**What this task involves:** Quote the listing below in full and exactly as written, but omit every picture.

**Information provided:**
════════
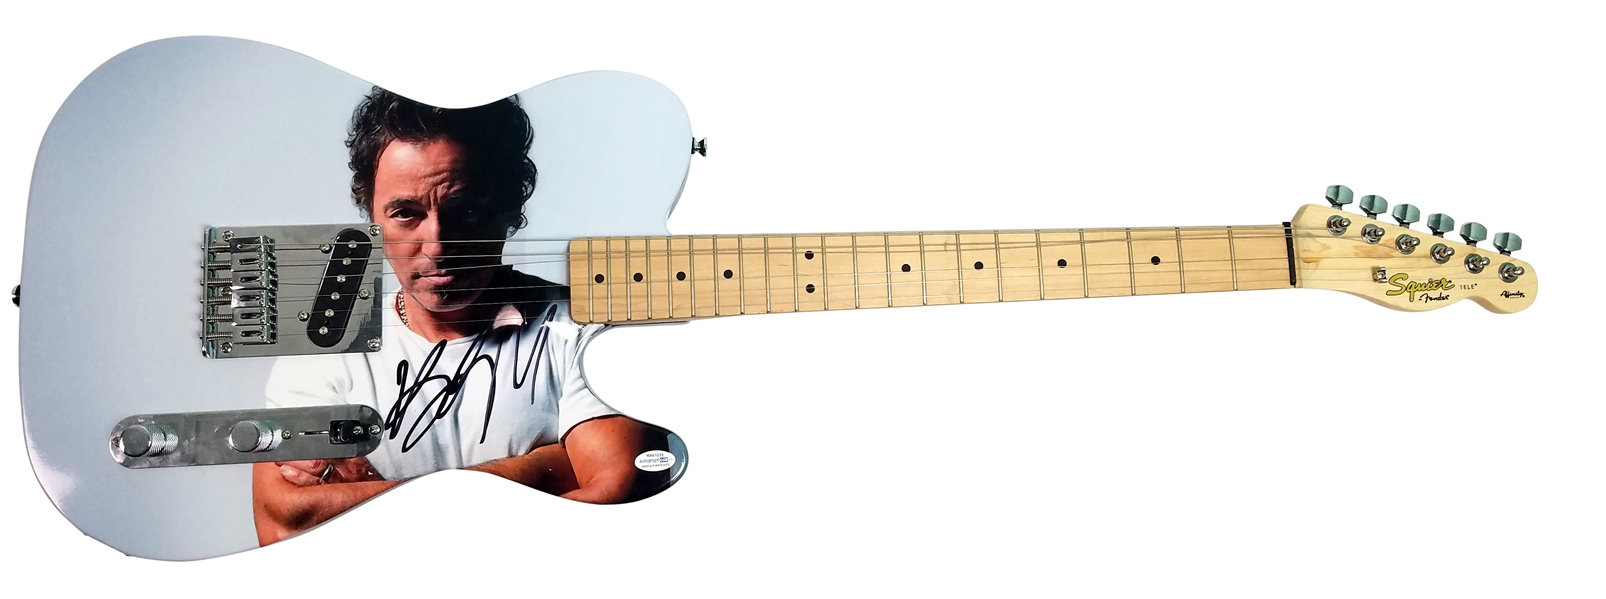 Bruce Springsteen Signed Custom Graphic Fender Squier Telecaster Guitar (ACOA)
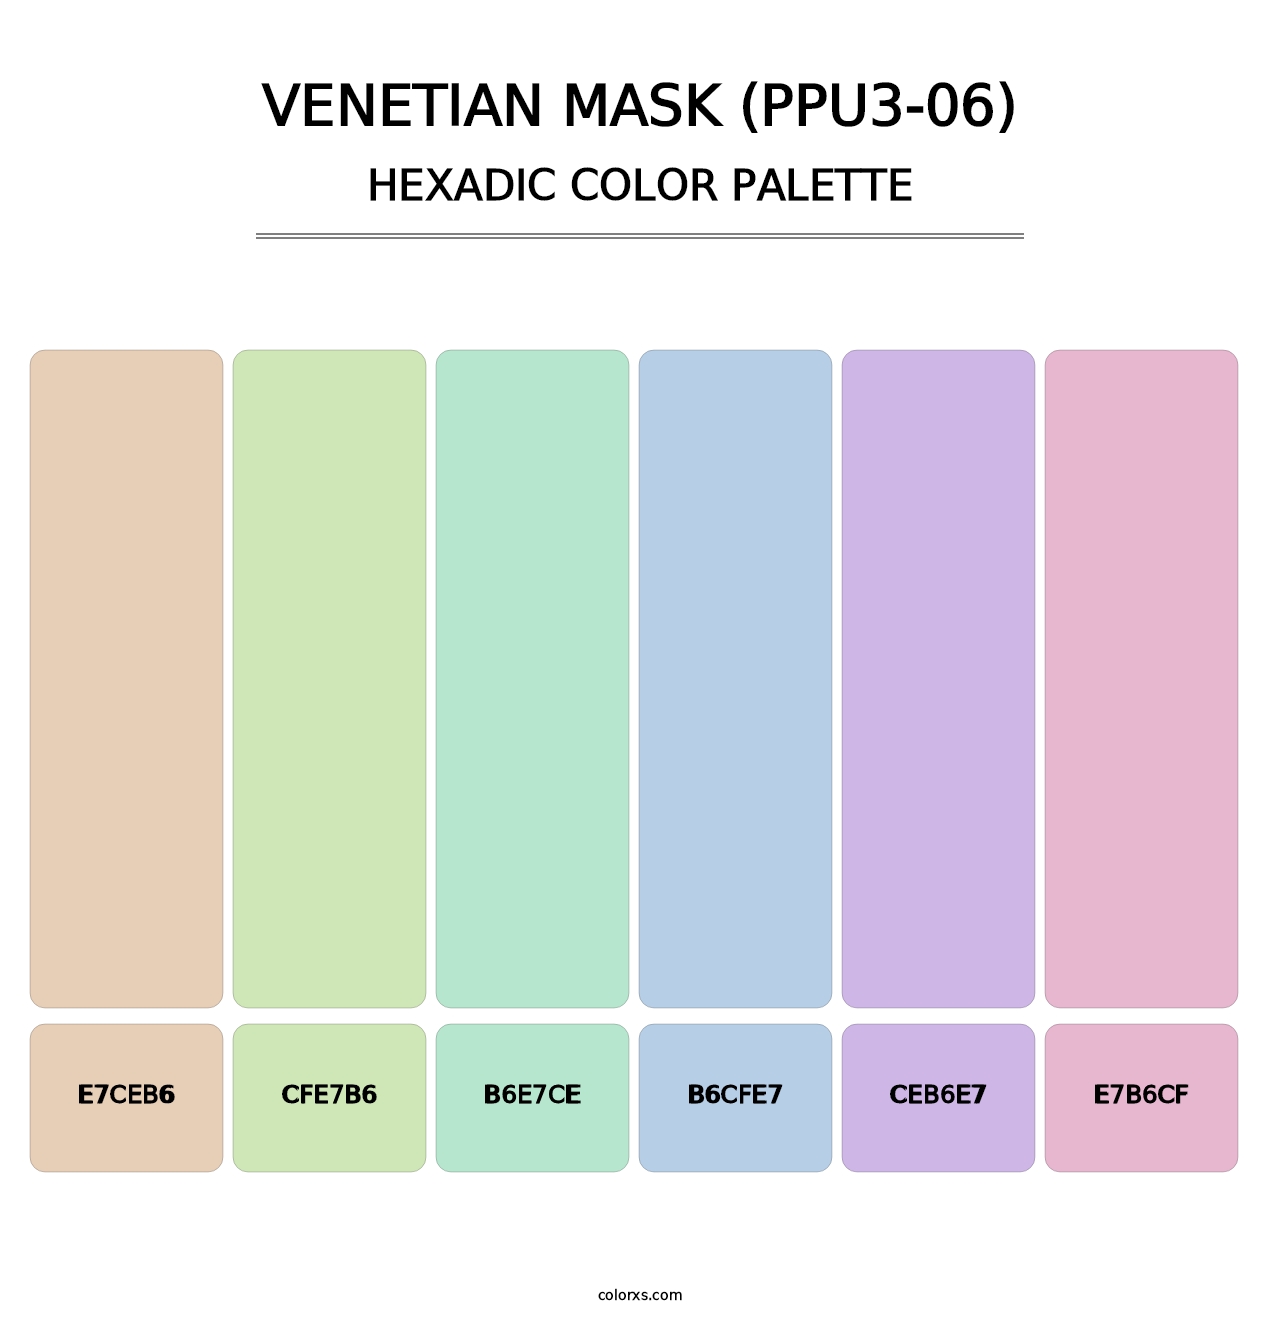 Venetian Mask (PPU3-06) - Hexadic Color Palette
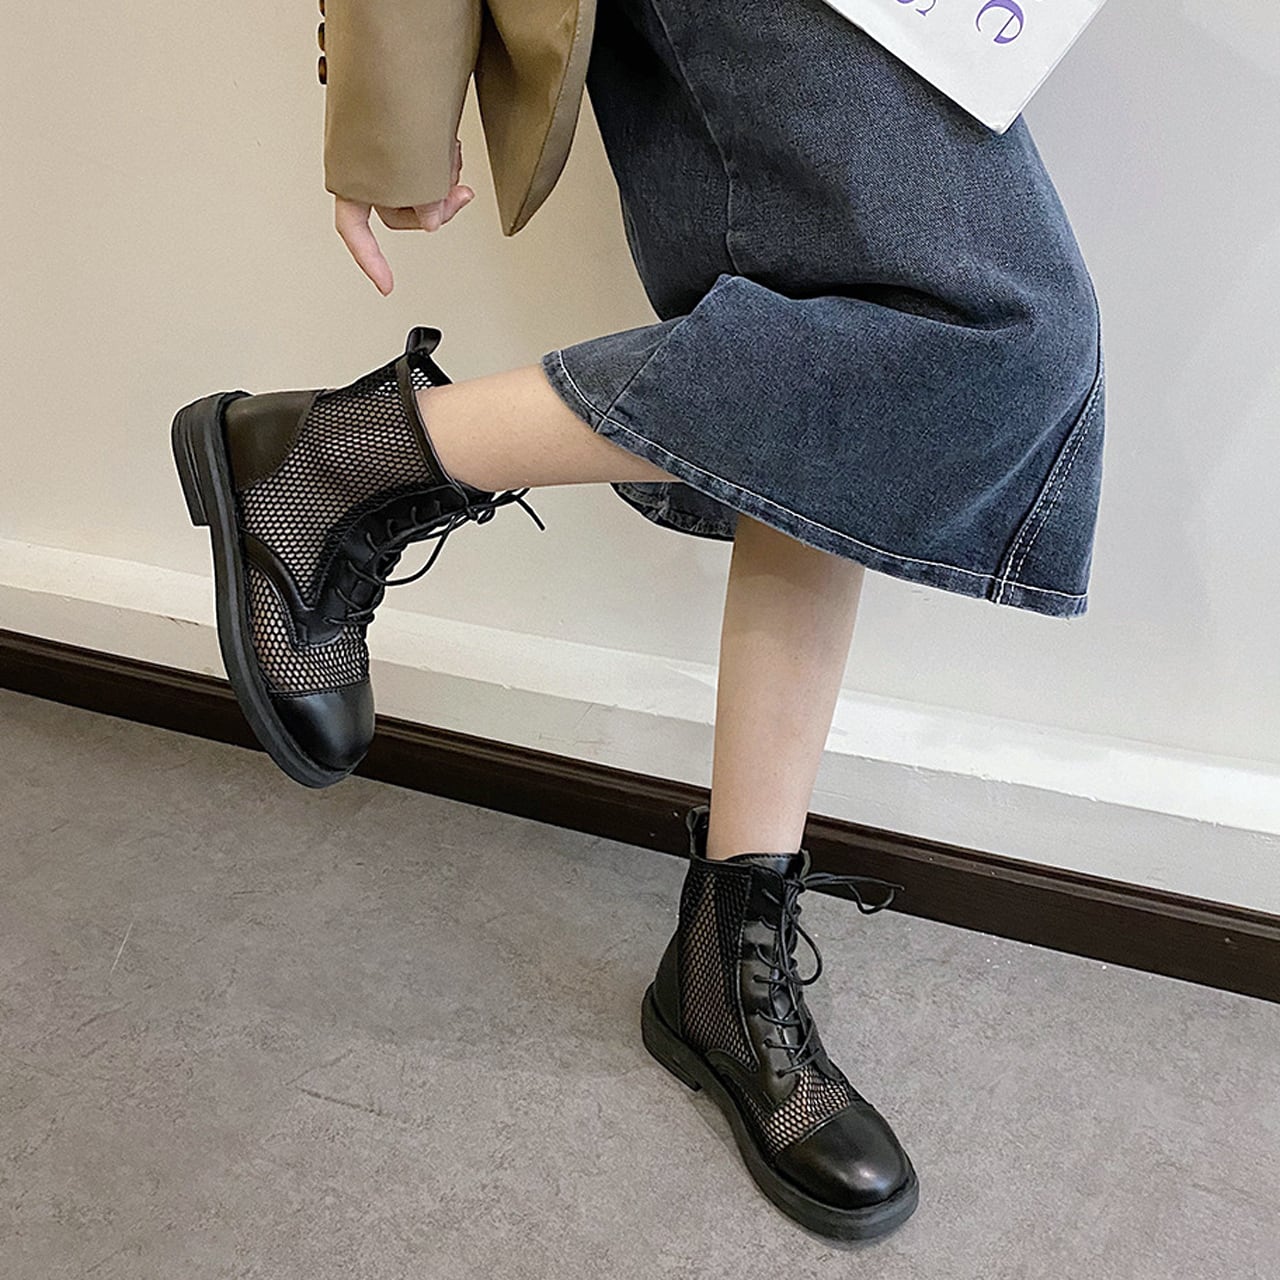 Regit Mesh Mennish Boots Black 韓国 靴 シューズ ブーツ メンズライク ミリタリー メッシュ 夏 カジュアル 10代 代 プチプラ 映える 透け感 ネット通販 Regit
════════
**Output of the task:**
 Bruce Springsteen Signed Custom Graphic Fender Squier Telecaster Guitar (ACOA)
 Venetian Mask (PPU3-06) - Hexadic Color Palette
 Regit Mesh Mennish Boots Black 韓国 靴 シューズ ブーツ メンズライク ミリタリー メッシュ 夏 カジュアル 10代 代 プチプラ 映える 透け感 ネット通販 Regit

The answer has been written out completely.